The conditions needed for interval estimates include that the sample is a random sample
and that the population is normally distributed. Our samples did meet these requirements as our
data came from a subset of samples that was part of a larger set, or population. The collection of
all date allows for our sample to be normally distributed, with our total n being 1639. Possible
errors could include counting errors, within each color of Skittle, and total number of candies per
bag. The sampling method could be improved by increasing the sample size and/or encouraging
full participation. We could also improve the sampling method by acquiring bags from different
parts of the country and/or world, rather than the local/surrounding area. I have drawn the
conclusion that the true mean number of candies in each bag of Skittles is close to the actual
mean we found by compiling our data. I have also drawn the conclusion that each color of
Skittle is some what evenly proportioned from one bag to the next.

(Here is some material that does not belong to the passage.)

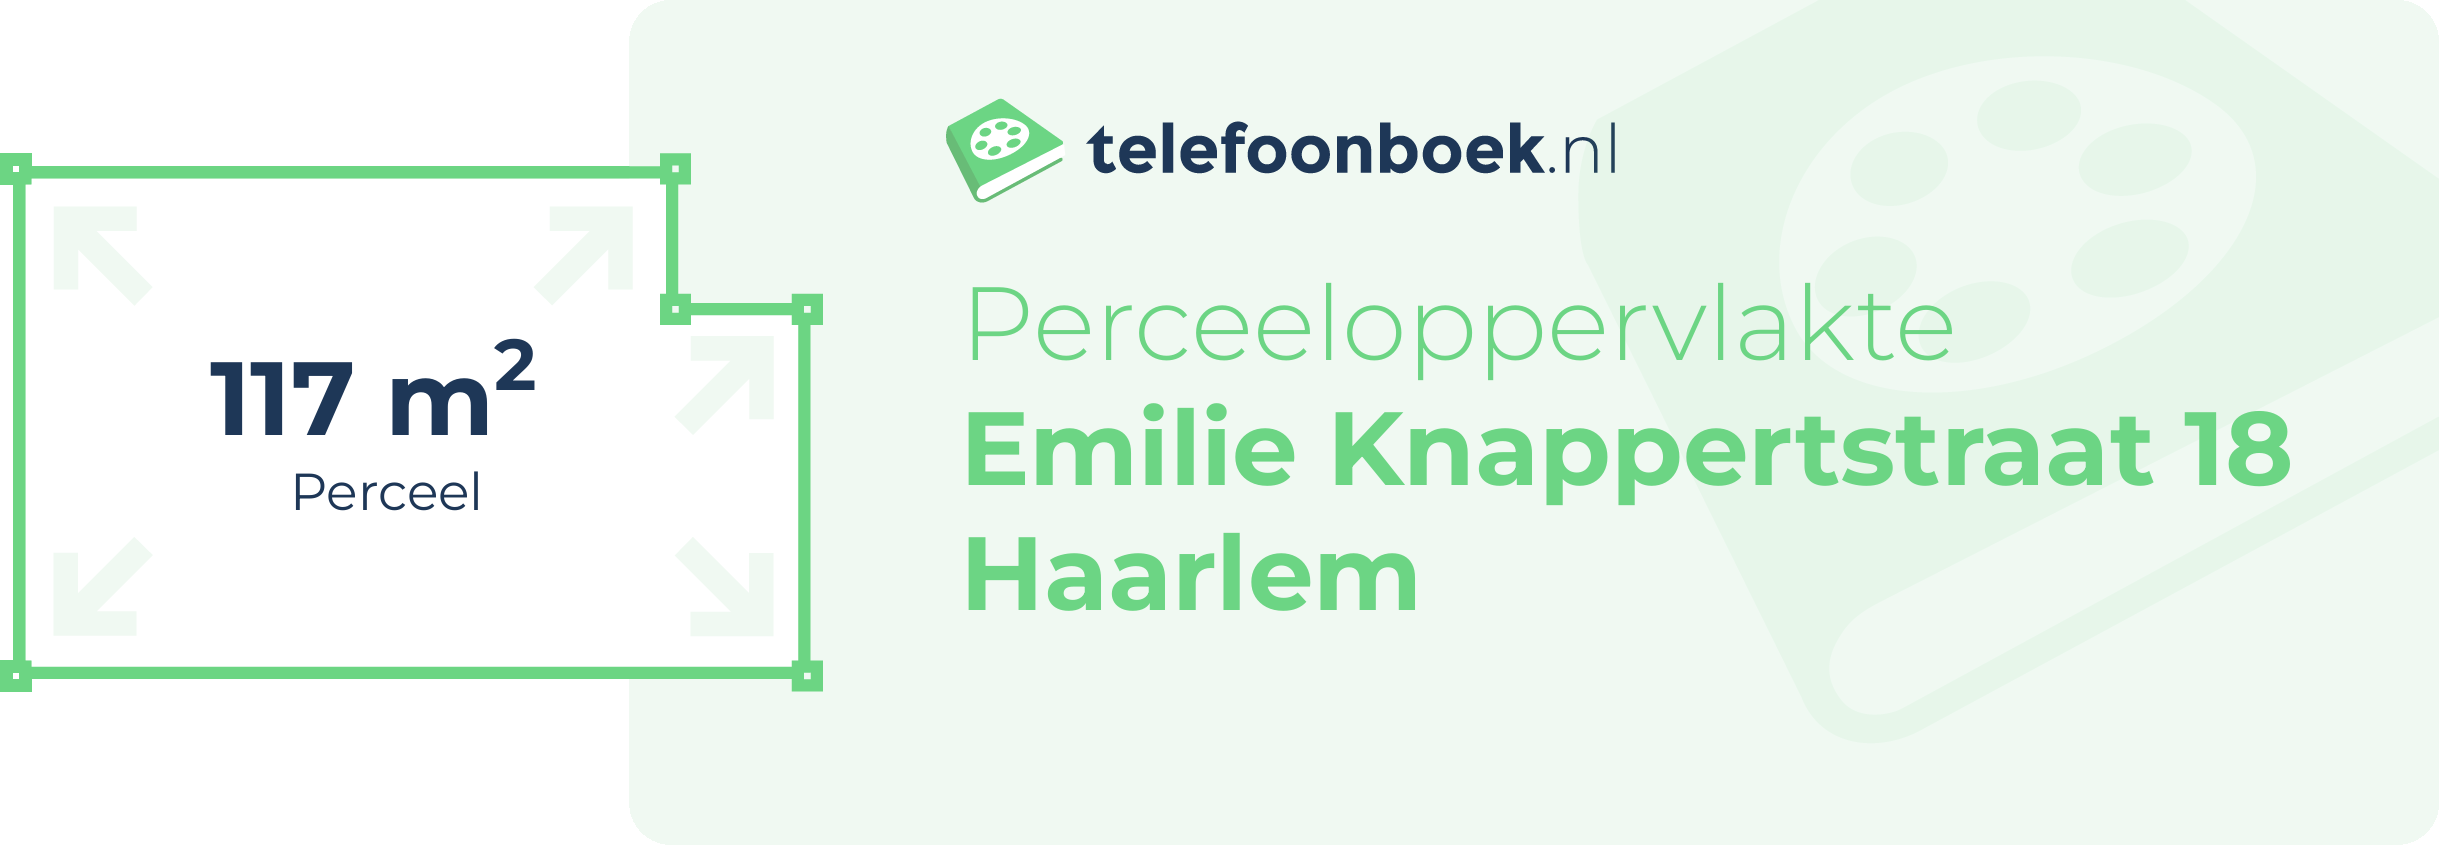 Perceeloppervlakte Emilie Knappertstraat 18 Haarlem
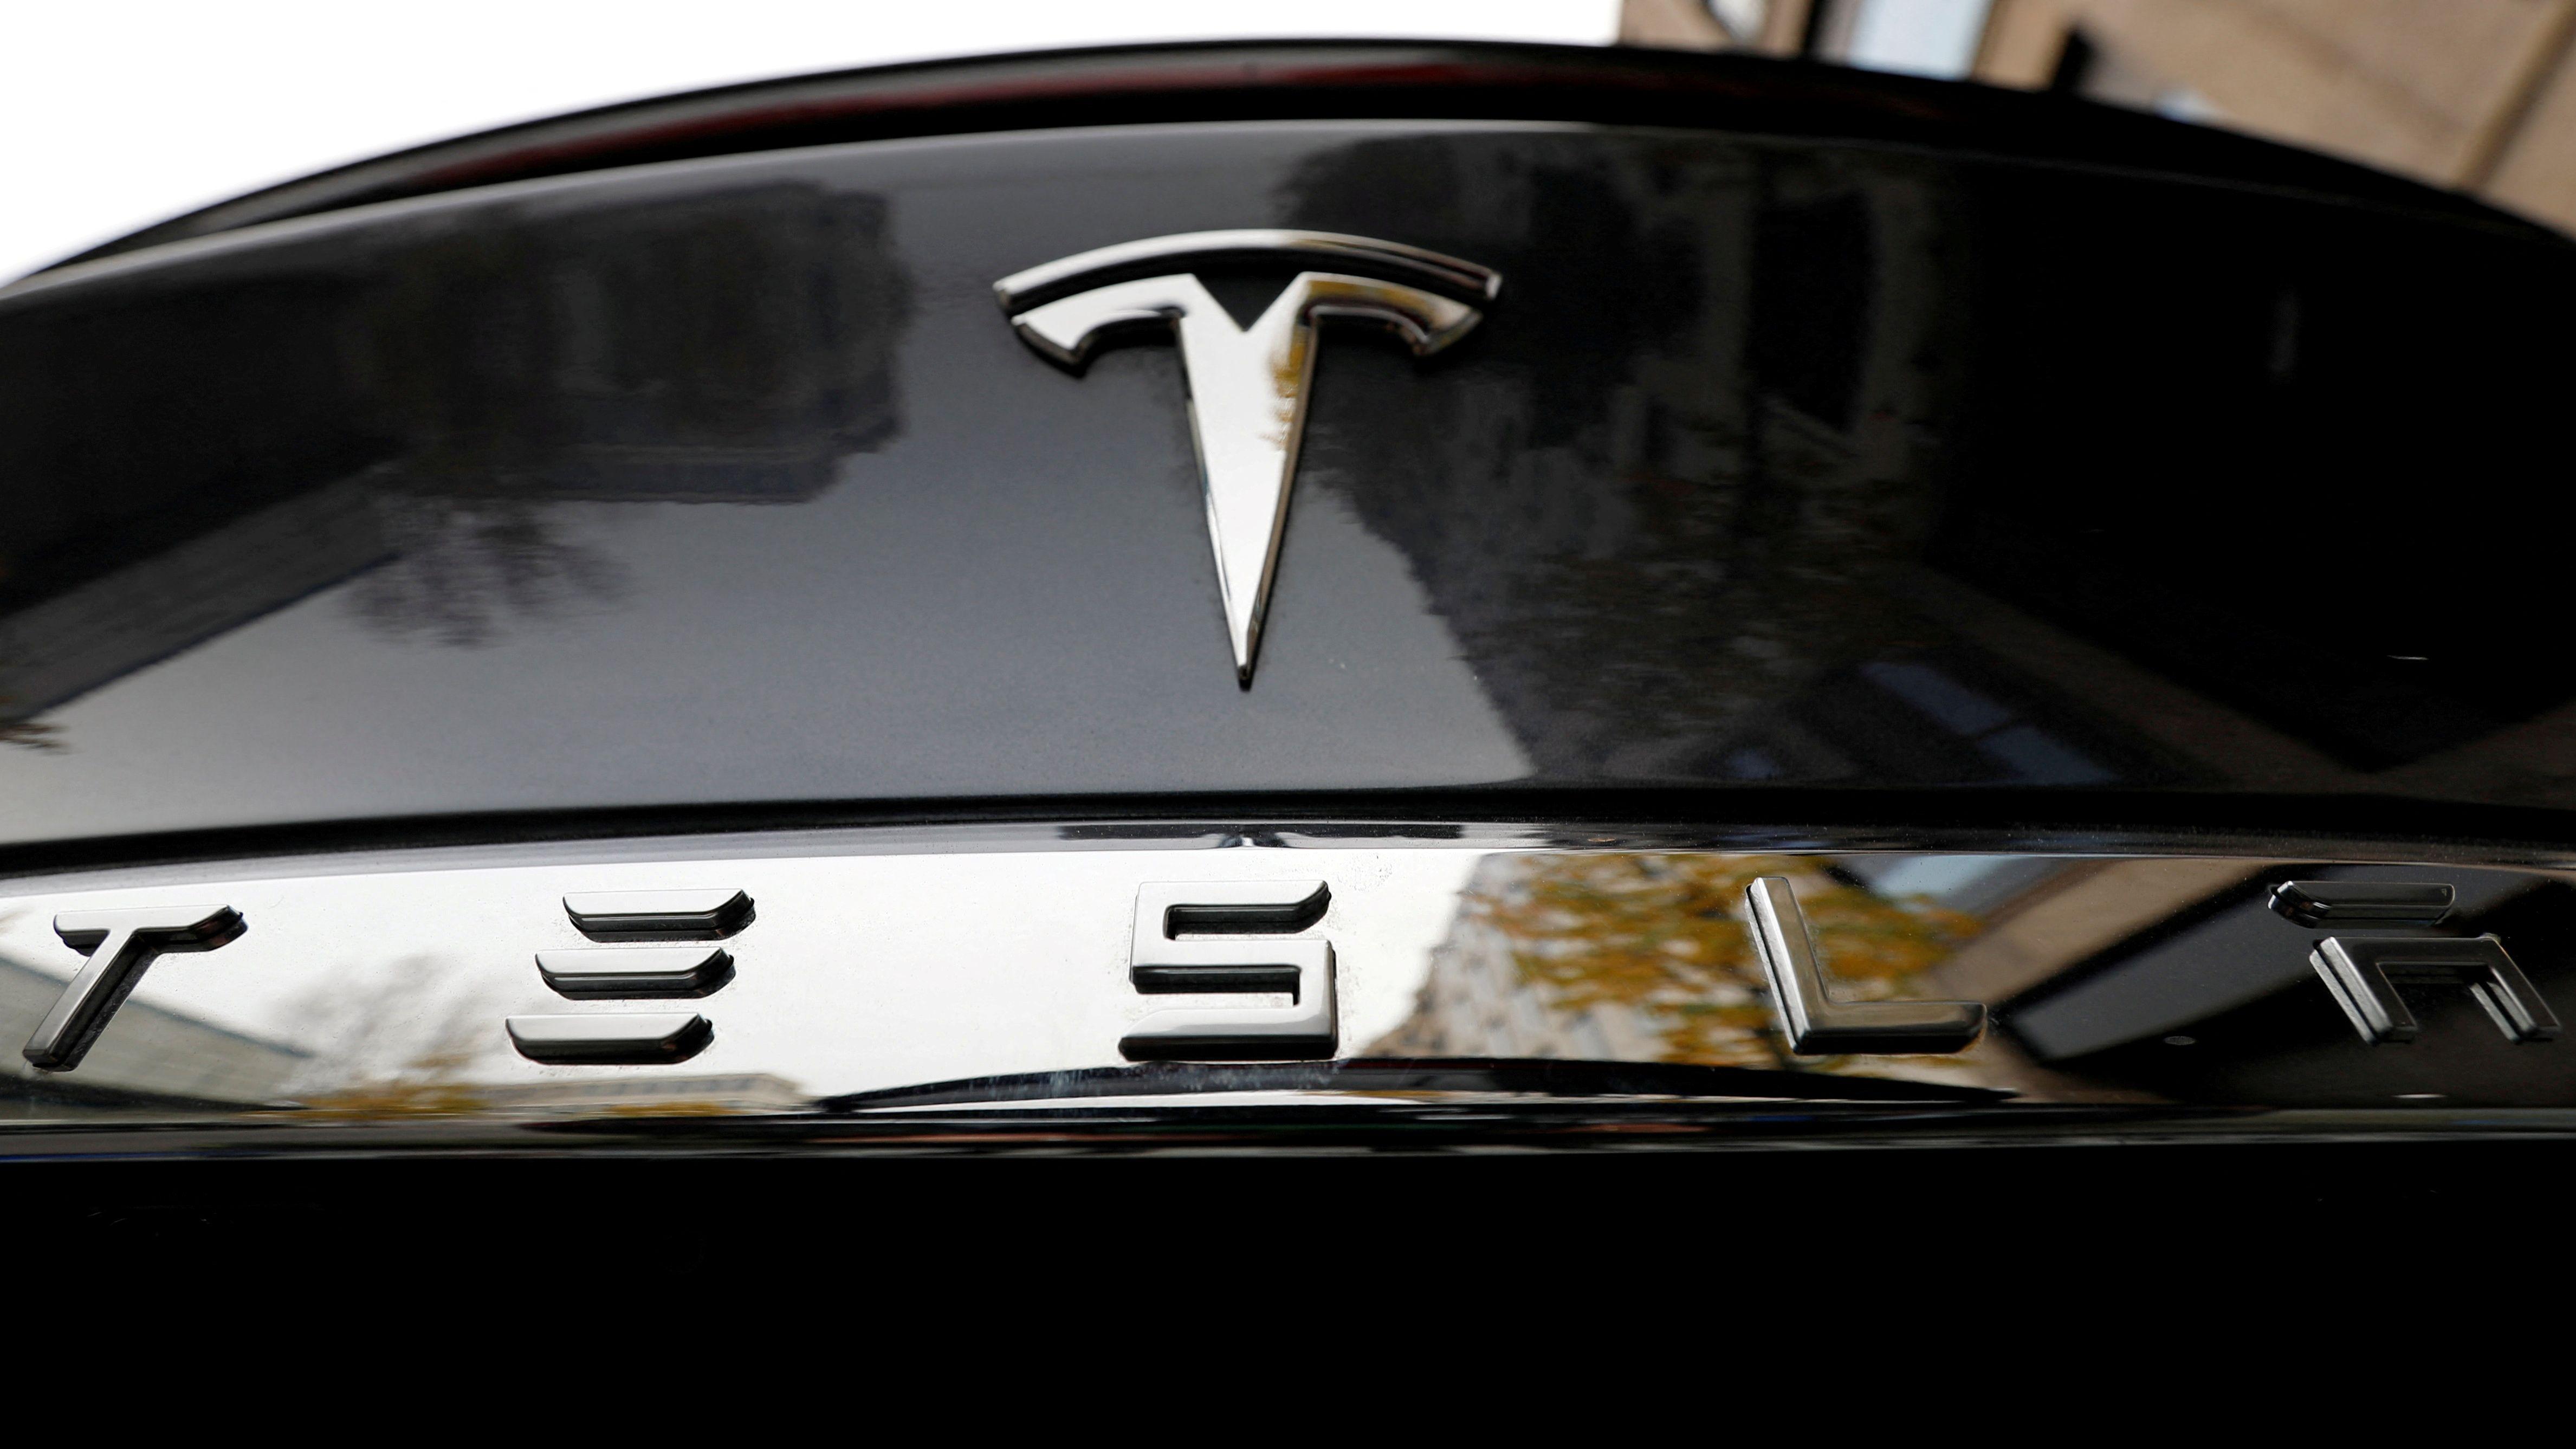 Tesla profits nosedive as more job cuts announced

Reflection on Term Skittles Project
I still remember looking at the instructions for this project and thinking that I was reading
something in another language. I had a hard time working on it because of how difficult it
seemed at first. I was amazed at how much work this was actually going to require. We needed
to create a random sample of data, have that data organized, create graphs, charts and interpret
what the information means. Throughout the semester we were thought a great variety of
statistical concepts that gave us the necessary tools to be able to complete this project. Little by
little I realized that I was not only capable of gradually understanding the instructions, but I was
also able to perform the correct sequence of steps for each one of the exercises that were part of
this project. As in any other discipline and class, after learning the theory, practice makes the
whole difference.
This project allowed us to put into practice key principles studied throughout the term, from
using a sampling method to performing hypothesis testing. The most challenging aspects of the
project were really understanding each concept, and how it applied to the population of Skittles
not just our sample.
This project and the class in general have gave me the tools to differentiate between valid
professional papers from those that end up being questionable sources of information when
analyzing things like graphs, and confidence levels and intervals that can make the whole
difference when trying to see if the study is well done. To be able to understand the language
behind the statistical analysis of studies with simple, but important terms such as media, range,
mean, and mode that are so frequently use in so many instances.
I have always struggled with math but found that this course allowed me to see how math does
apply to real life, and was refreshing to take a course outside of the classroom and math book. I
have always gritted my teeth at story problems but his course gave a whole new approach and
meaning to the information provided. I never thought I would say this, but math can be fun at
times, especially when you can understand how it applies to the real life situations helping us to
better understand the world around us.